Faithful Dissent Millions of people around the world possess a vastly different concept of "quality of life" and want no part of the population control "consensus." Within that number can be found devout Christians, Jews, and Muslims whose religious principles are offended by their compelled complicity in population control programs. Prior to the Cairo conference, Muslim groups in Egypt and elsewhere loudly objected to the proposed plan of action, which included an effort to guarantee universal access to abortion. Muslim pro-life activist Dr. Kajid Katme, speaking at a press conference conducted by the International Right to Life Federation, earned an ovation from Egyptian journalists when he declared, "For Muslims, God is the only population controller." Efforts were made by the ICPD leaders to avoid a direct confrontation with Islam over abortion; however, they spared nothing in their confrontation with the Catholic Church.

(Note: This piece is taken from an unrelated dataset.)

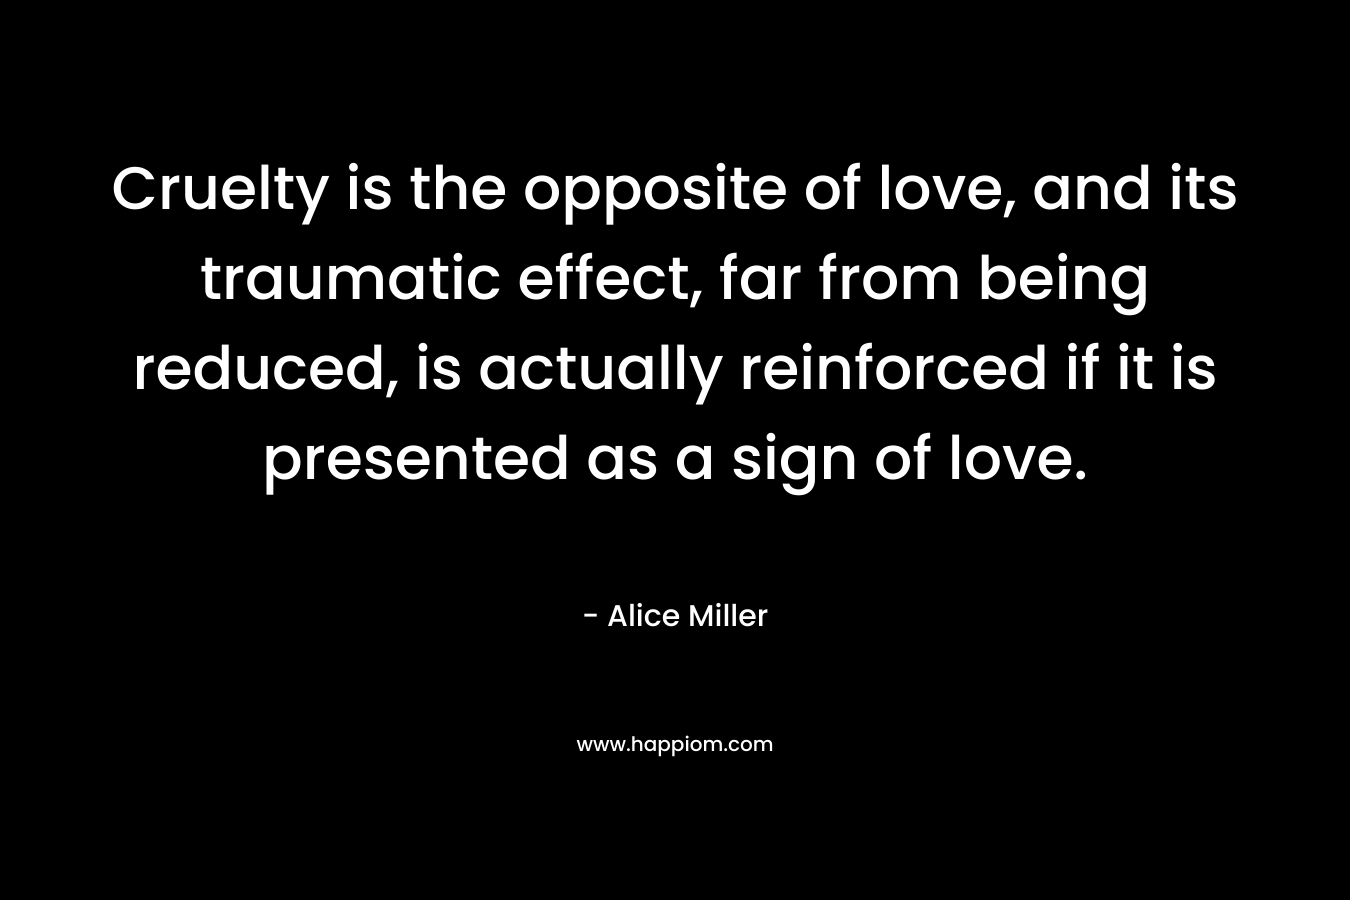 Cruelty is the opposite of love, and its traumatic effect, far from being reduced, is actually reinforced if it is presented as a sign of love.

The most heavily contested passage in the draft document was chapter 8.25, which identifies "unsafe abortion" as a threat to world health and contains language suggesting that decriminalizing abortion is necessary in the interest of "women's health." For most of the conference the Holy See, in tandem with allies in the Muslim world, sought to modify this paragraph. The final version began with the declaration, "In no case should abortion be promoted as a method of family planning." This is the same language which had been contained in the 1984 UN population document -- language which has been summarily ignored by the UNFPA and IPPF, which have continued to offer financial and political support to Communist China's "one child" policy, which features coerced abortion.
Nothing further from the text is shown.